Со вздохом натянув ботинки, я спустился на второй этаж, вошел в помещение «Кросса». Тут сидели перед станцией краснофлотцы-телефонисты и краснофлотцы-телефонистки. (Недавно прибыла в Краков группа девушек, мобилизованных на флот, большинство попало к нам в СНиС; их обучали телефонной и телеграфной специальностям, а еще они занимались, на потеху старослужащим, строевой подготовкой в снисовском дворе.) Т. Т. как раз и был занят обучением плотненького краснофлотца в сильно оттопыренной на груди фланелевке, в черной юбке, черных чулках и ботинках. Т. Т. объяснял, как проходит телефонный вызов. Увидев меня, он прервал процесс обучения. Мы вышли на лестничную площадку, закурили, и Т. Т., как-то странно на меня взглянув, сказал:
— Борька, пришел приказ. Первого сентября мне прибыть в Ленинград на курсы.
— Тебе? — переспросил я, мгновенно уловив со скверным запахом филичевого дыма дурное предчувствие. — А мне?
Он покачал головой.
— Ну, наверно, придет и на меня, — еще бодрился я.
— Нет, Борька, не придет.
— Почему?
— Это тебя надо спросить. — Т. Т. сделал осуждающее ударение на «тебя».
Я растерянно молчал, а он, выдержав долгую паузу, продолжал:
— Конечно, я спросил писаря, почему на тебя нет приказа, но Круглое ничего не знает. Я пошел к комиссару, говорю ему: посылали представление на нас обоих, почему же нет в приказе Земскова? Знаешь, что он ответил? Дословно: «Передай своему дружку, чтоб он поменьше болтал». — Опять он помолчал. — Сколько я тебе говорил — не трепли языком. Сколько раз предупреждал.
— Я не трепал.
— Трепал. Ах, за ними не послали корабли. Ах, там много народу осталось. Ну, вот и дотрепался. Вот и отставили тебя.

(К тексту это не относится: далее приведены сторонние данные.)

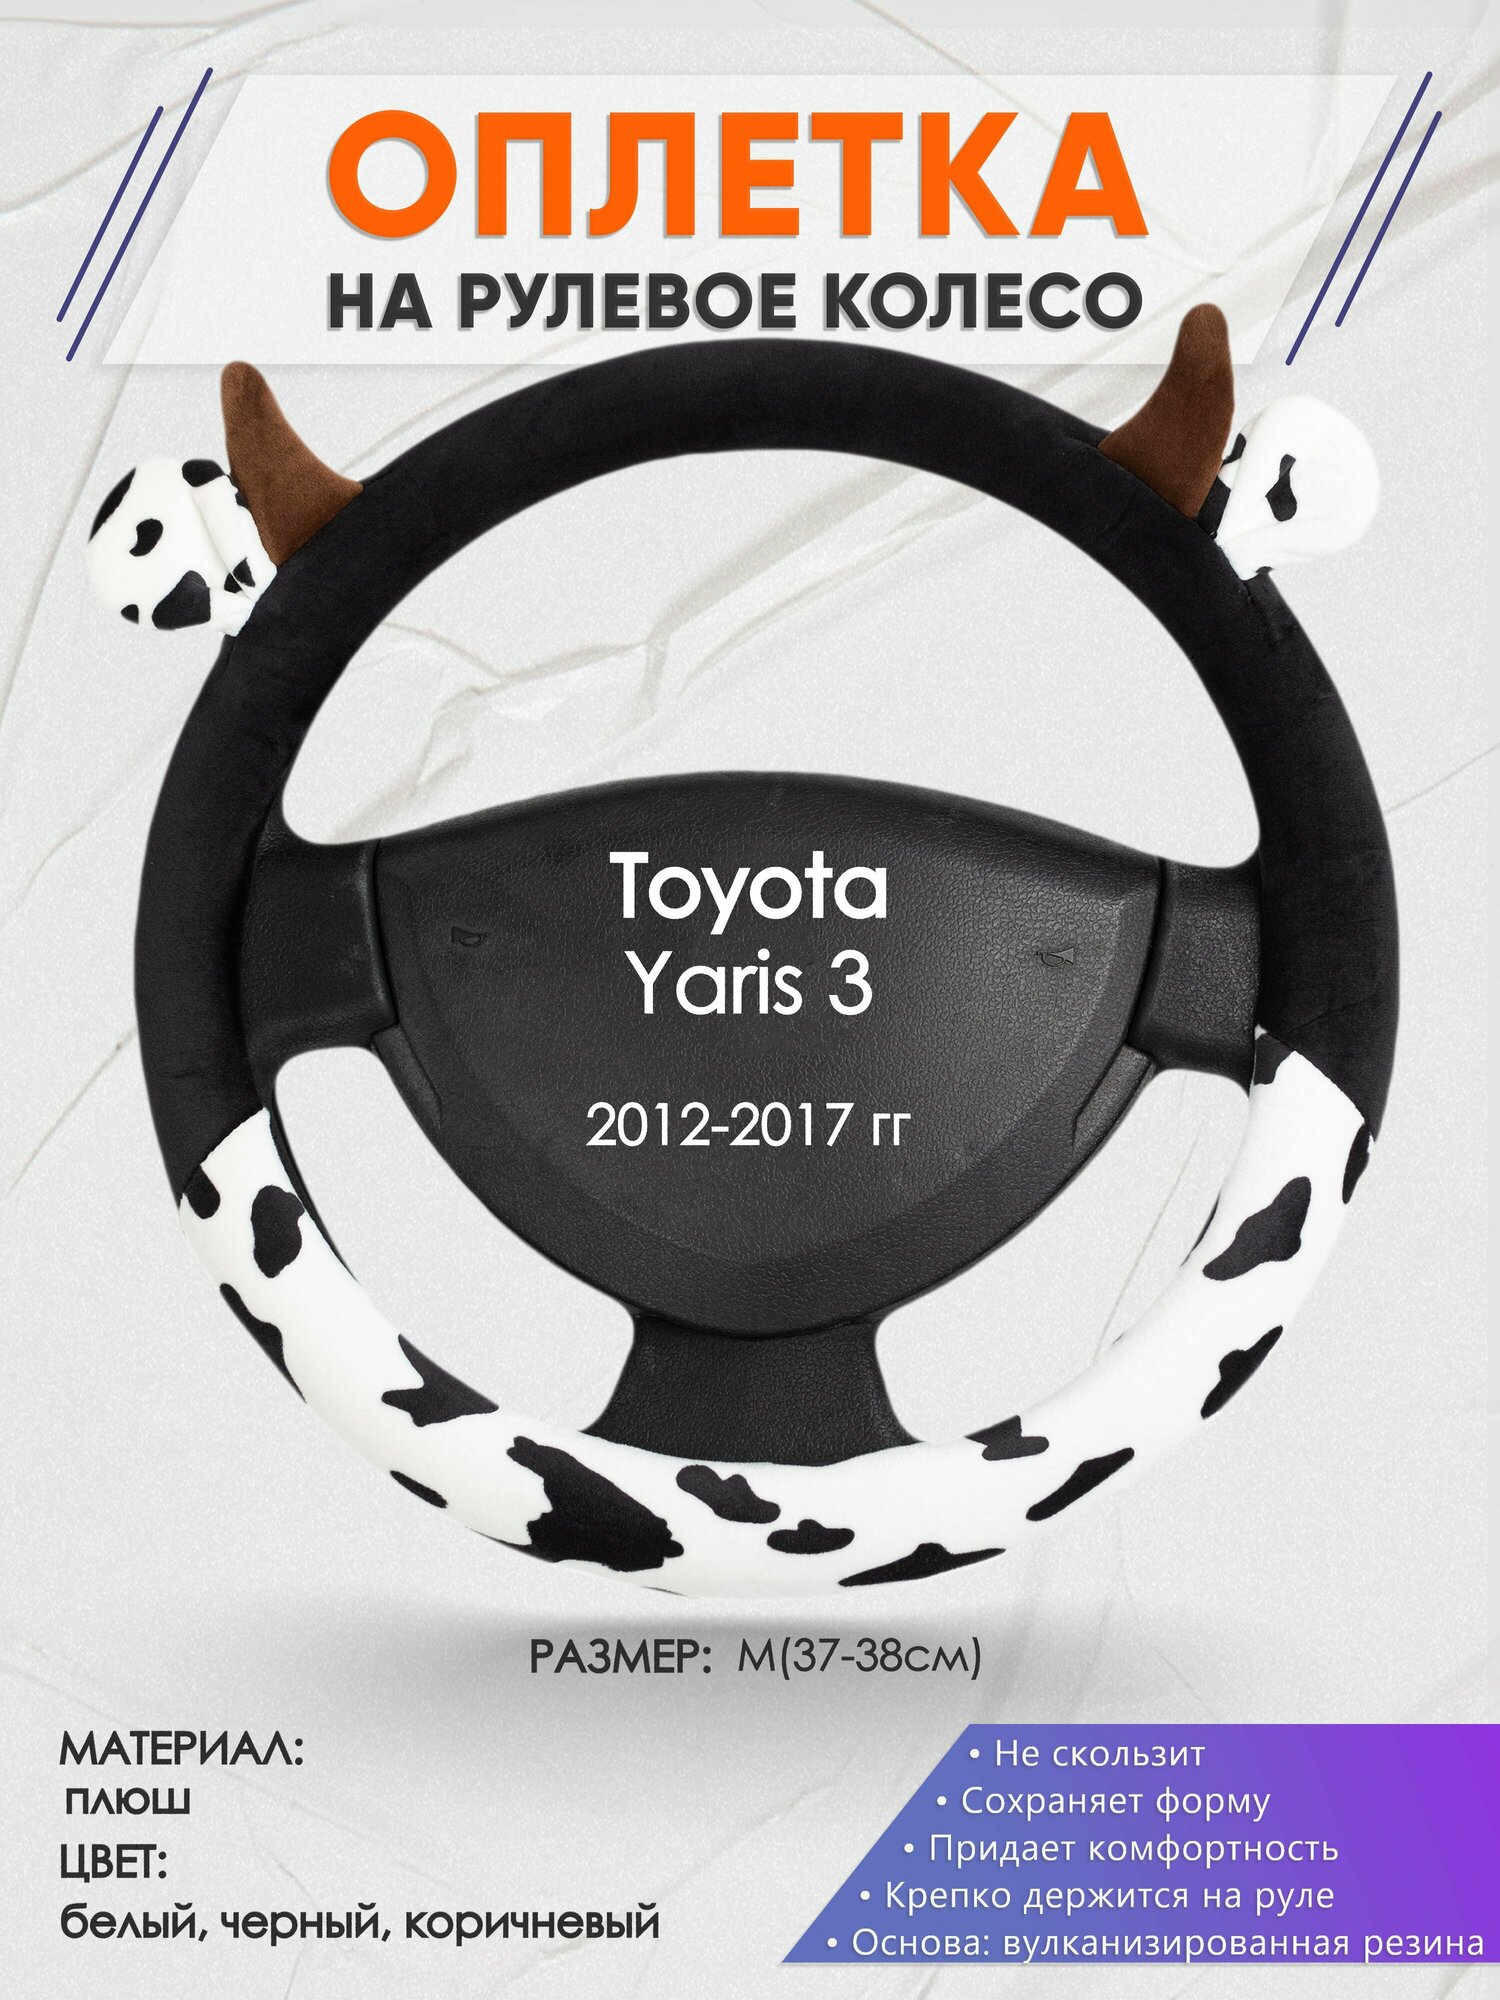 Оплетка на руль для Toyota Yaris 3(Тойота Ярис 3) 2012-2017, M(37-38см), Искусственный мех 39

— Это не трепотня, — сказал я подавленно. — Во всяком случае, при комиссаре я ничего такого не говорил.
— Значит, ему доложили. Твой язык — твой враг, Борька. Держи его на привязи, очень прошу. Тем более в такой обстановке, — сказал он со значением.
А я думал про себя: кто? Кто доложил комиссару? Я свою тревогу не таил, высказывал открыто, многие слышали у нас в команде. Неужели кто-то из команды? Трудно такое представить…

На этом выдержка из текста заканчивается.